Payment Resilience in a Hyper-Connected World
Across Europe, digital payments enable secure, reliable, and convenient transactions that support consumers and businesses alike. With every tap of a card, every mobile payment, and every instant transfer, there is an expectation and trust that the system will work and money will move both quickly and securely.
In today’s hyper-connected world, resilience is not simply a technical consideration, it is an economic imperative. On the occasions when a payments outage occurs, the impacts can, if left unchecked, rapidly multiply and cause significant challenges for stakeholders. Businesses lose sales, account holders cannot access their funds, confidence is impacted and indeed entire supply chains can grind to a halt.
At Visa, end-to-end payments resilience is our highest priority. Every day we work to maximise the ability of our network and services to continue operating effectively in the face of any disruptions, shocks or adverse events to Visa or other parties in the value chain. We work to ensure that payments, whether domestic or cross border, e-commerce or in store, can be initiated, processed and settled securely, reliably and on time, even when the system is under stress.
Resilience as a Shared Ecosystem Challenge
I believe that the highest levels of resilience can be achieved through a co-ordinated approach embraced by all stakeholders from governments and regulators to technology providers, banks, issuers, acquirers, merchants, and consumers. All these parties can make an important contribution to ensuring that we maintain payments networks with the highest levels of resilience under even the most challenging scenarios.

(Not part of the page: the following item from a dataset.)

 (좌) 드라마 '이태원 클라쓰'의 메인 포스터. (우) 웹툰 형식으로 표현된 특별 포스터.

This shared responsibility extends beyond merely preventing outages. It's about creating systems that can adapt, reroute, and recover quickly when disruptions occur. It's about ensuring that when one pathway fails, alternatives are immediately available and deployed. It's about maintaining the trust that underpins our entire digital economy.

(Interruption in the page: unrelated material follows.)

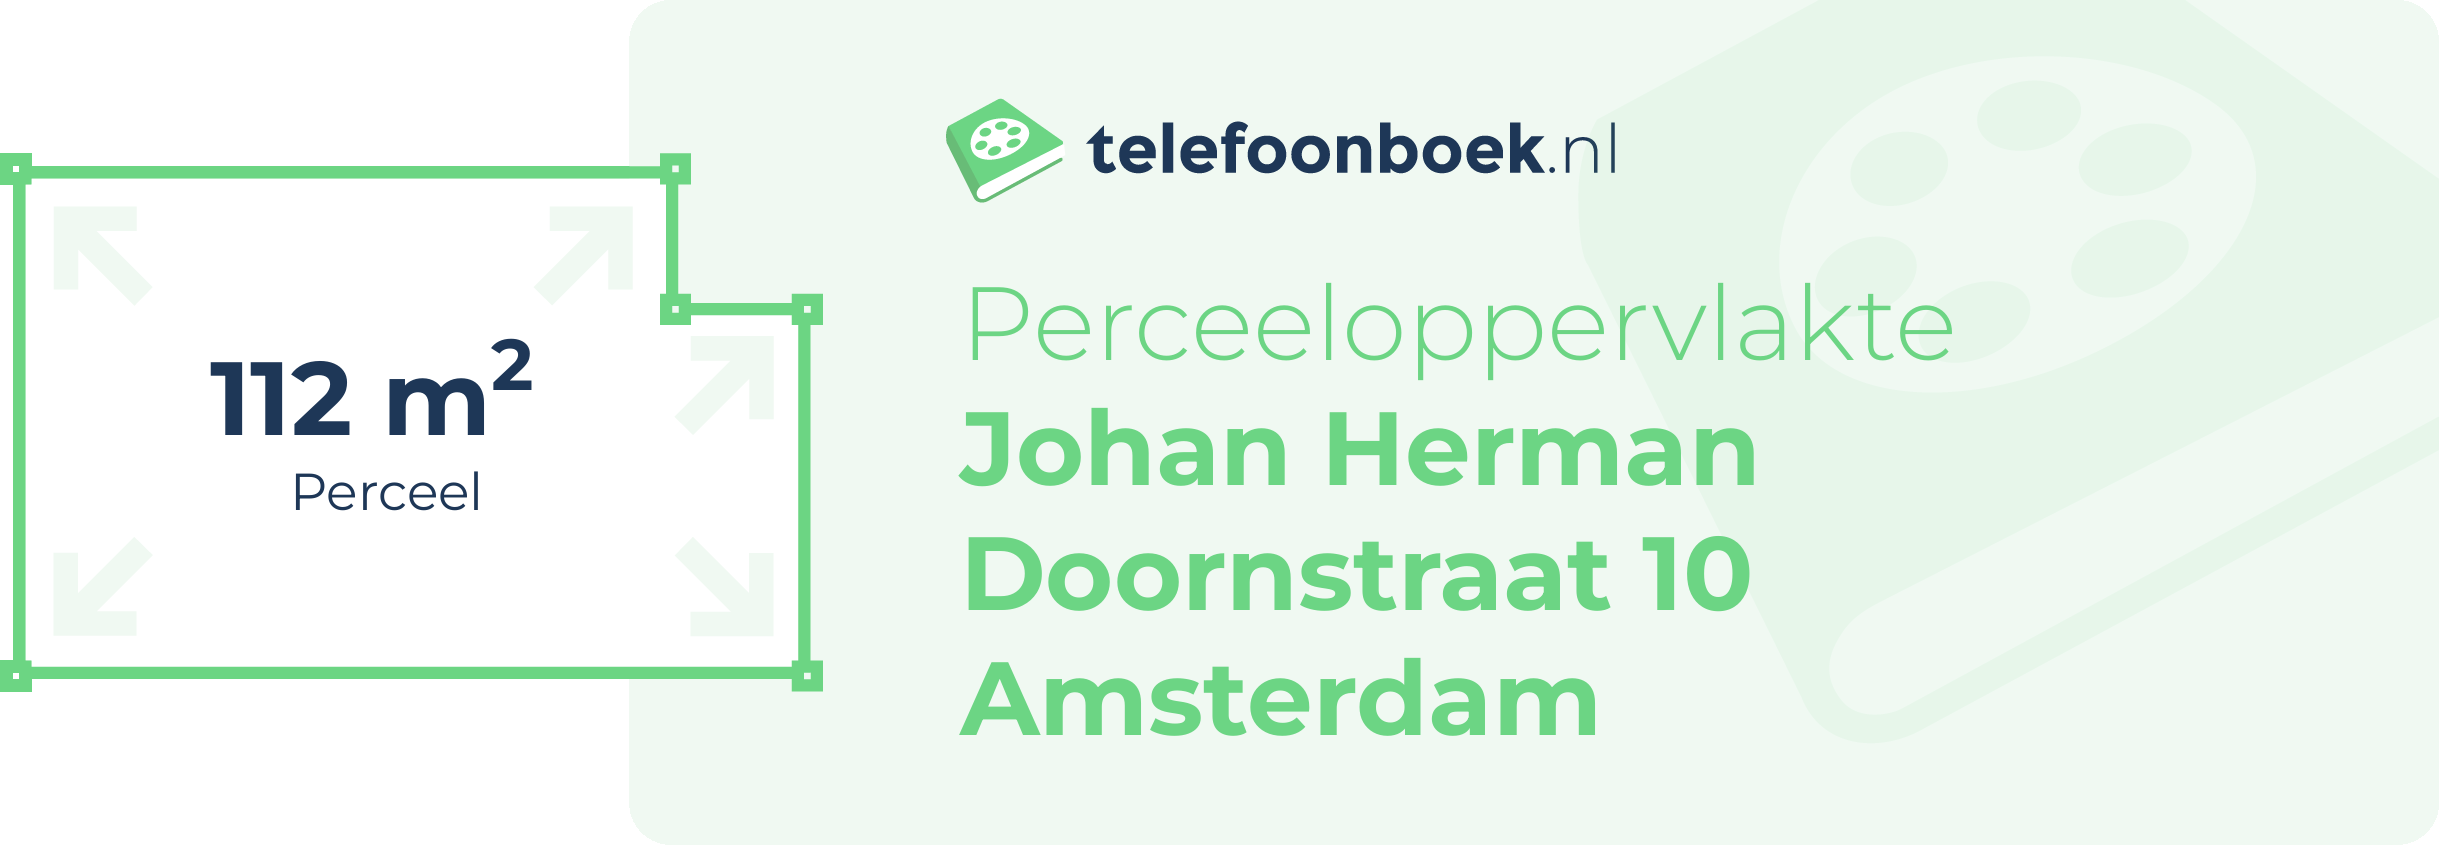 Perceeloppervlakte Johan Herman Doornstraat 10 Amsterdam

The Path Forward: Five Pillars of Resilience
Recent analysis commissioned by Visa, and undertaken by Oliver Wyman, has identified five critical areas providing opportunities for Europe to strengthen its payment resilience:
Assess and adopt resilience-enhancing solutions: Payments firms should assess, and consider adopting, available products and services which can support functionality during disruptions.
Identify concentration risks: Understand and address potential single points of failure across the payments ecosystem.
Assess regulatory effectiveness: Regularly review frameworks to ensure they address evolving threats.
Focus on essential goods and services providers: Assess the resilience and access to essential goods and services – particularly important in the event of prolonged disruption.
Recognise the foundational role of services across industries: Strengthen resilience across industries that support payments continuity.